In presenting this child for baptism you are hereby witnessing to your own personal Christian faith and to your purpose to guide him (her) early in life to a knowledge of Christ as Savior.  To this end it is your duty to teach him (her), as soon as he (she) shall be able to learn, the nature and end of this holy sacrament; to watch over his (her) education, that he (she) may not be lead astray; to direct his (her) feet to the sanctuary; to restrain him (her) from evil associates and habits; and as much as in you lies, to bring him (her) up in the nurture and admonition of the Lord.

            Will you endeavor to do so by the help of God?  If so, answer, “I will.”

            The minister may then ask the parents or guardians to name the child, and shall then baptize the child, repeating his (her) full name and saying:

            _______________, I baptize thee in the name of the Father, and of the Son, and of the Holy Spirit.  Amen.                

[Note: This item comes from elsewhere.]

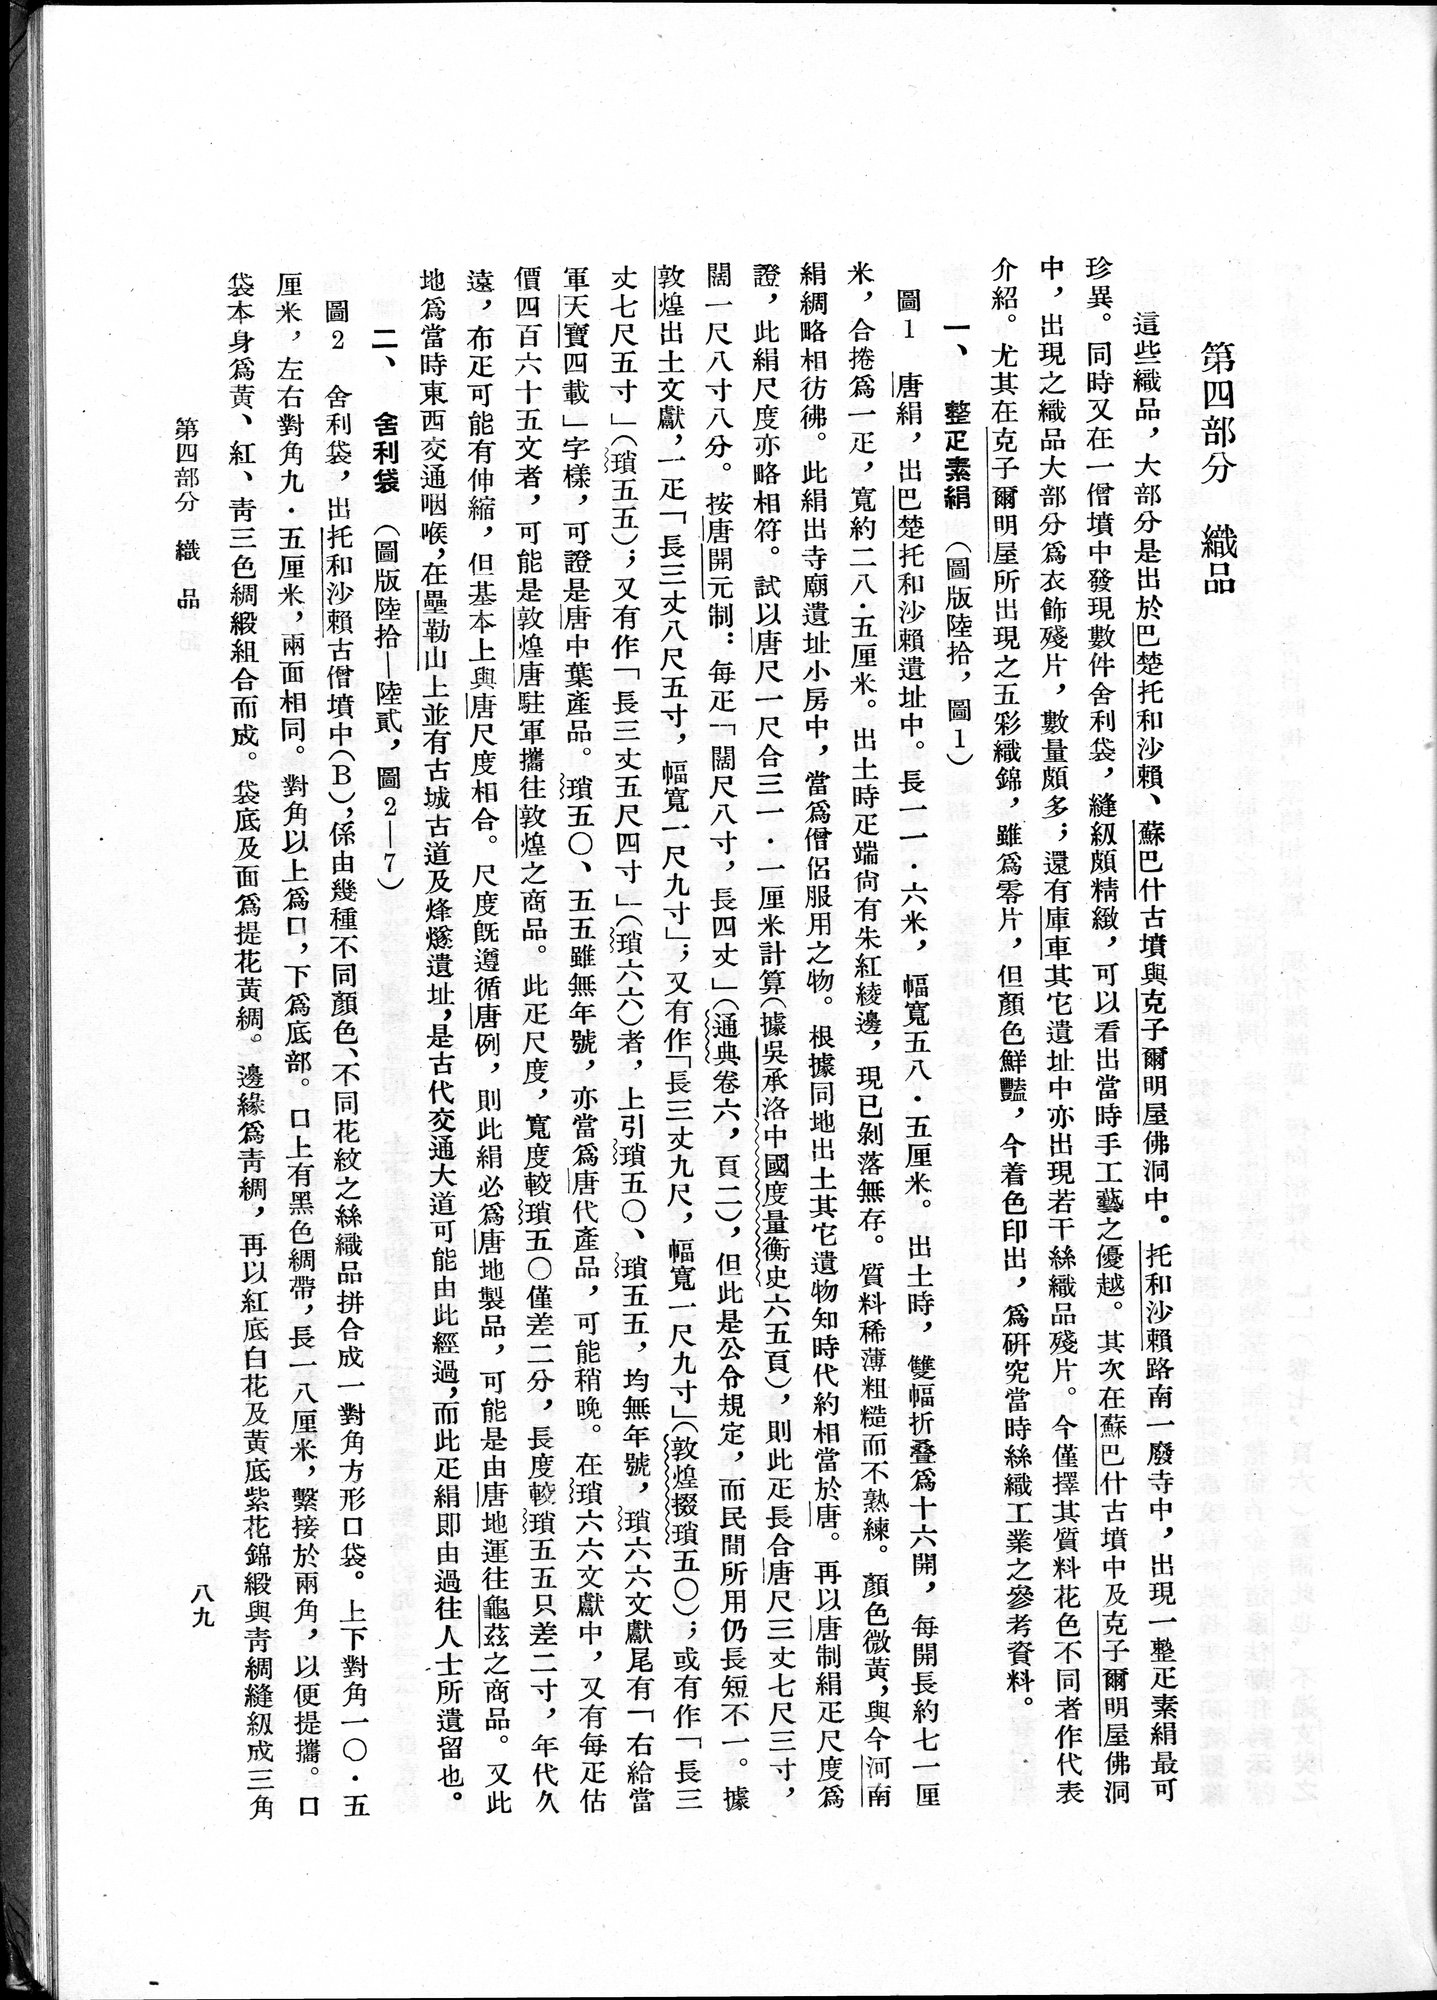 塔里木盆地考古記 : vol.1 / Page 153 (Grayscale High Resolution Image)

           The minister may then offer the following prayer or may use an extemporary prayer.                                                                      

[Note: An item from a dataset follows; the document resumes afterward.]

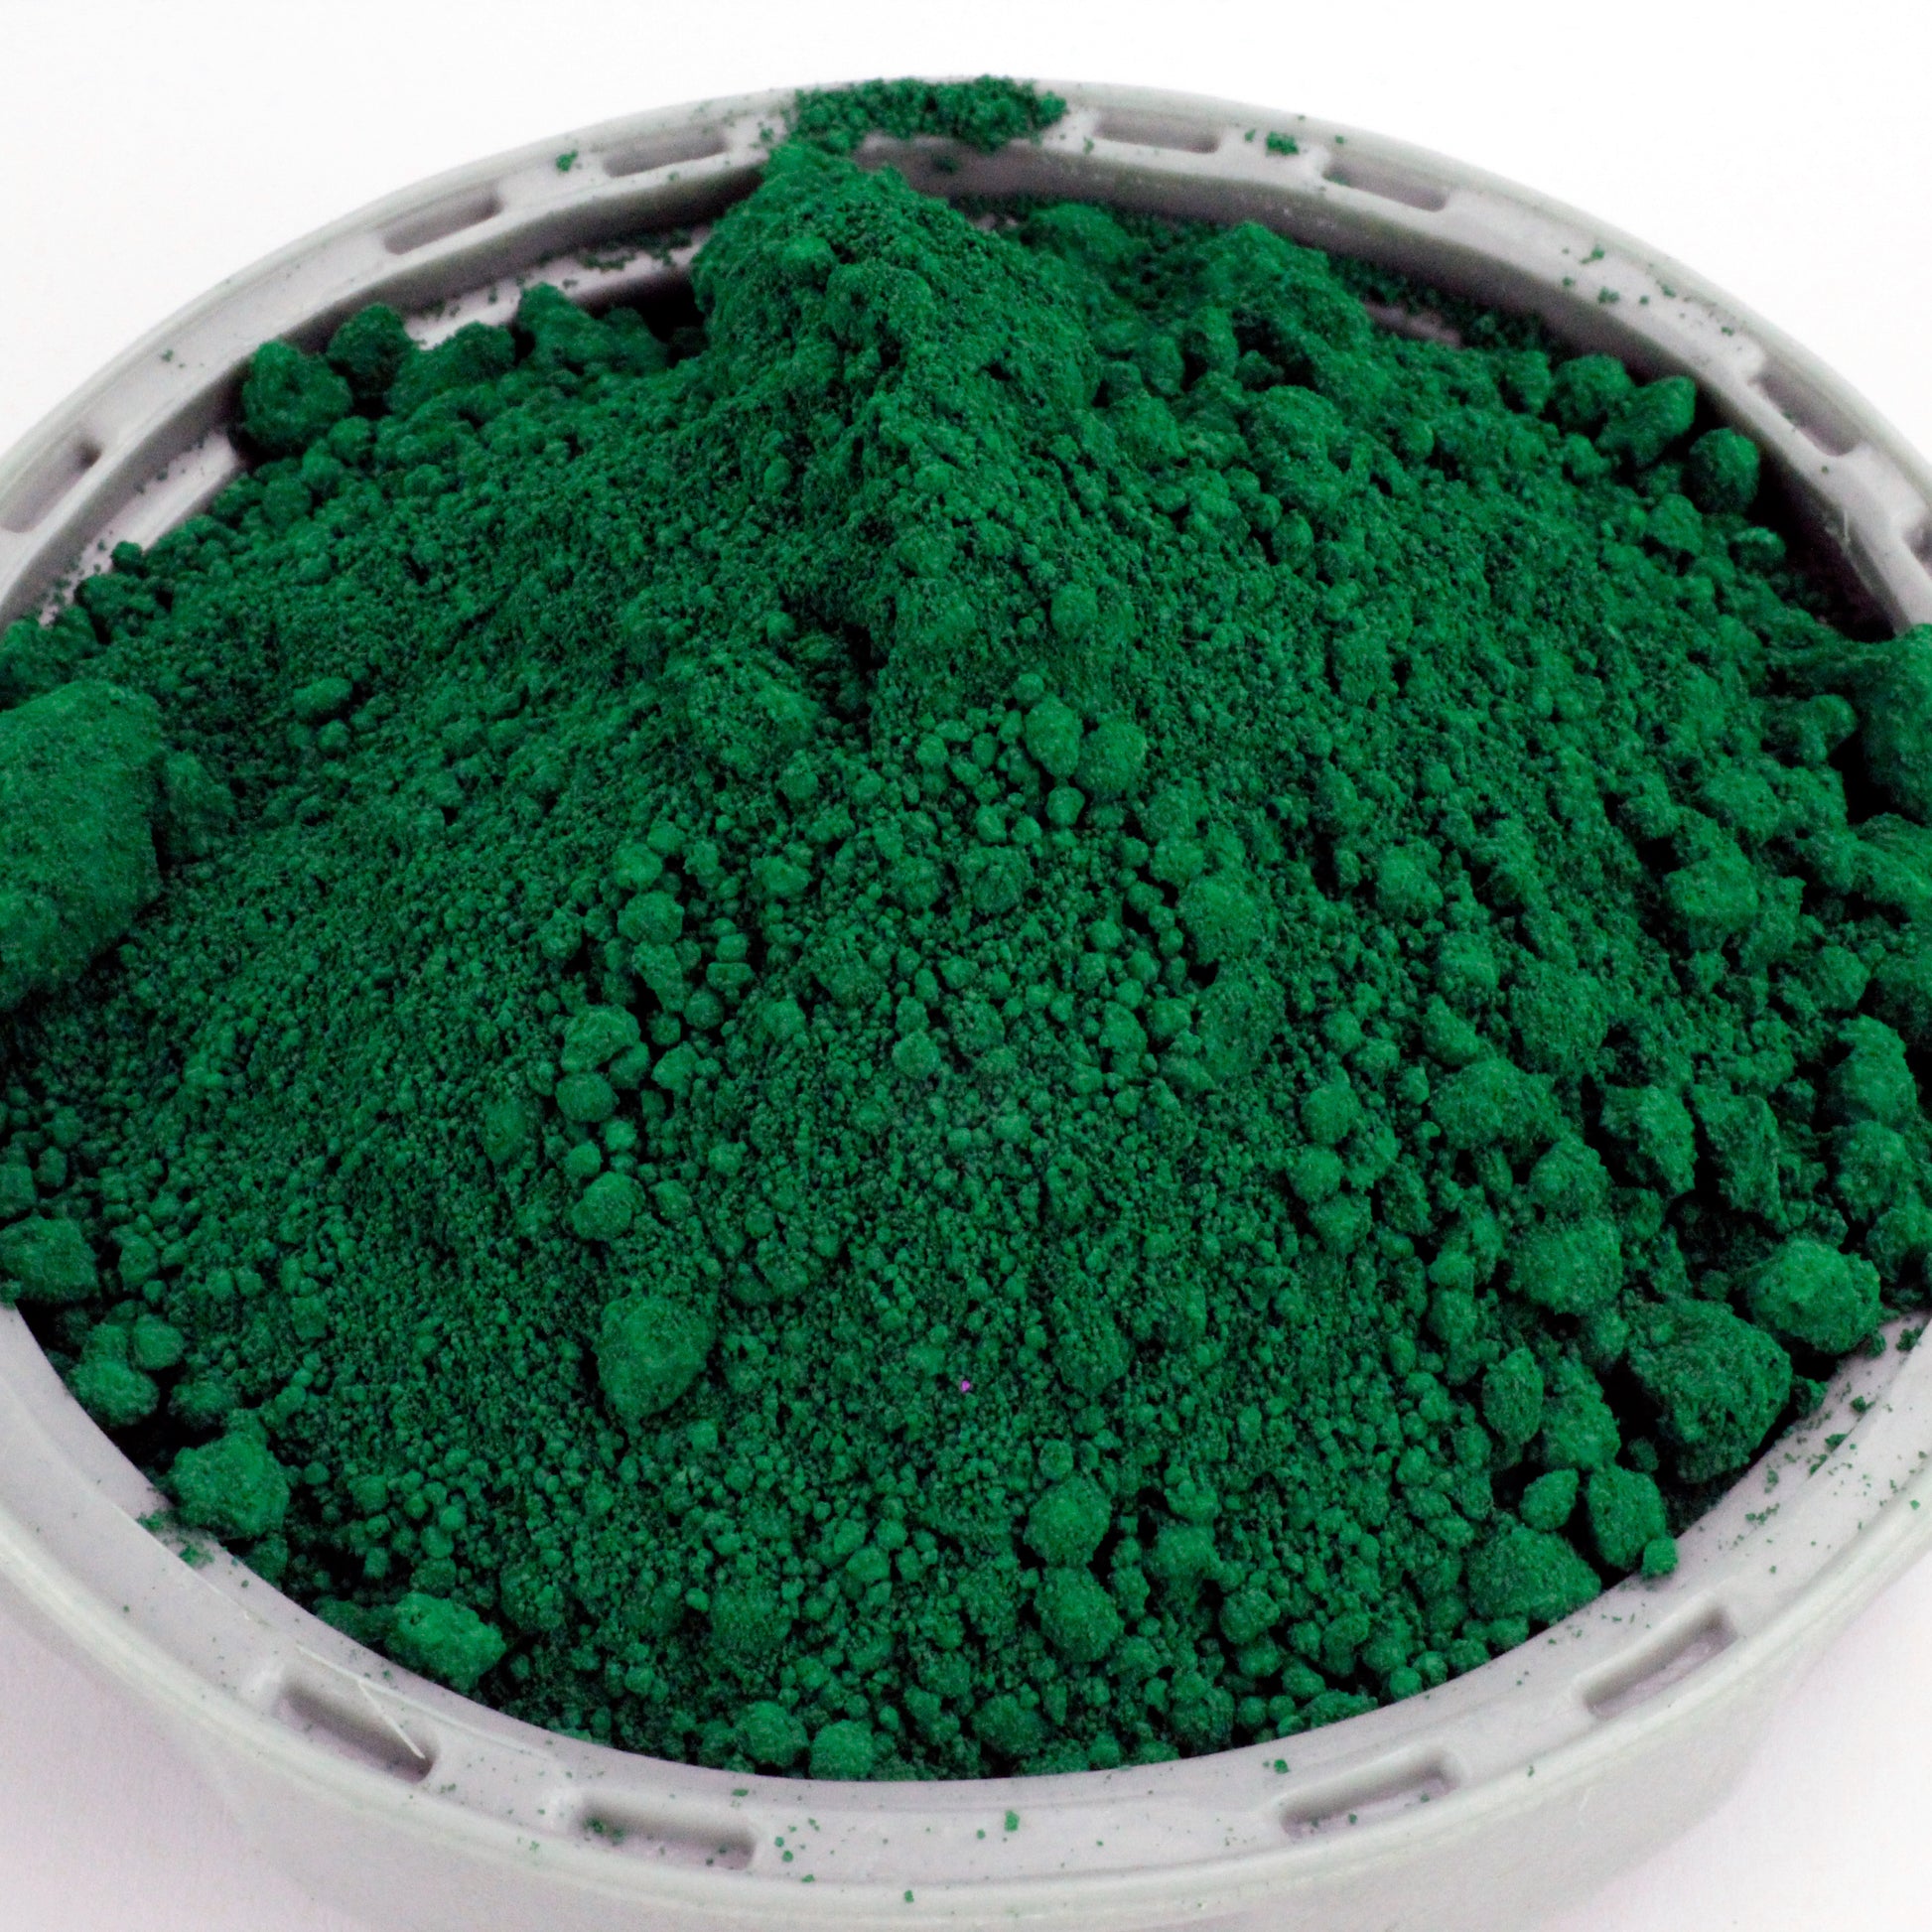 Grünfarbe für Beton / Zement / Gips - 25kg Sack - Farbprodukt

            Heavenly Father, we humbly pray that Thou wilt take this child into Thy loving care.  Abundantly enrich him (her) with Thy heavenly grace; bring him (her) safely through the perils of childhood; deliver him (her) from the temptations of youth; lead him (her) to a personal knowledge of Christ as Savior; help him (her) to grow in wisdom, and in stature, and in favor with God and man, and to persevere therein to the end.  Uphold the parents with loving care, that with wise counsel and holy example they may faithfully discharge their responsibilities to both this child and to Thee.  In the name of Jesus Christ our Lord.  Amen.


1.  The changes above bring this ritual of baptism into much closer alignment with the ritual for The Baptism of Believers.  Since believers and infant baptisms are both Christian baptisms, they should reflect the same reality.

2.  While the changes above bring this ritual into much closer alignment with that of The Baptism of Believers, it marks a greater distinction between it and the rituals for The Dedication of Infants or Young Children.  Since those two acts are significantly different, it is fitting that the rituals be sufficiently distinct.

3.  While clarifying statements may be made parenthetically by the presiding clergy, good rituals do not state what we do not believe (especially as an opening statement in the ritual).  Rather, good rituals state what we do believe.  The above resolution allows us to make the baptism of infants and young children a positive, celebratory time, rather than presenting a sense of uncertainty or defensiveness, which the wording of the current ritual may produce.

4.  The above resolution is more consistent with Wesleyan sacramental theology and the teachings of John Wesley, which utilizes the Apostles’ Creed, and which speaks of the sacraments as means of God’s grace.  (It is not that baptism, itself, imparts any grace, but rather that God does impart grace through the means, by faith.)

5.  The above resolution provides clarity as to the prevenient nature of God’s gracious acceptance the child within the community of Christian faith signified in baptism.

6.  The above resolution is more closely in line with Article of Faith XII. Baptism, paragraph 12, in that it neither reduces our beliefs, nor imposes doctrinal positions not stated within the Article of Faith.  Thus, the above resolution provides a ritual that is readily usable for all who espouse belief in Article of Faith XII, whereas, the current ritual does not provide such an opportunity for those whose belief in Article of Faith XII is understood in a consistent fashion with John Wesley’s own beliefs.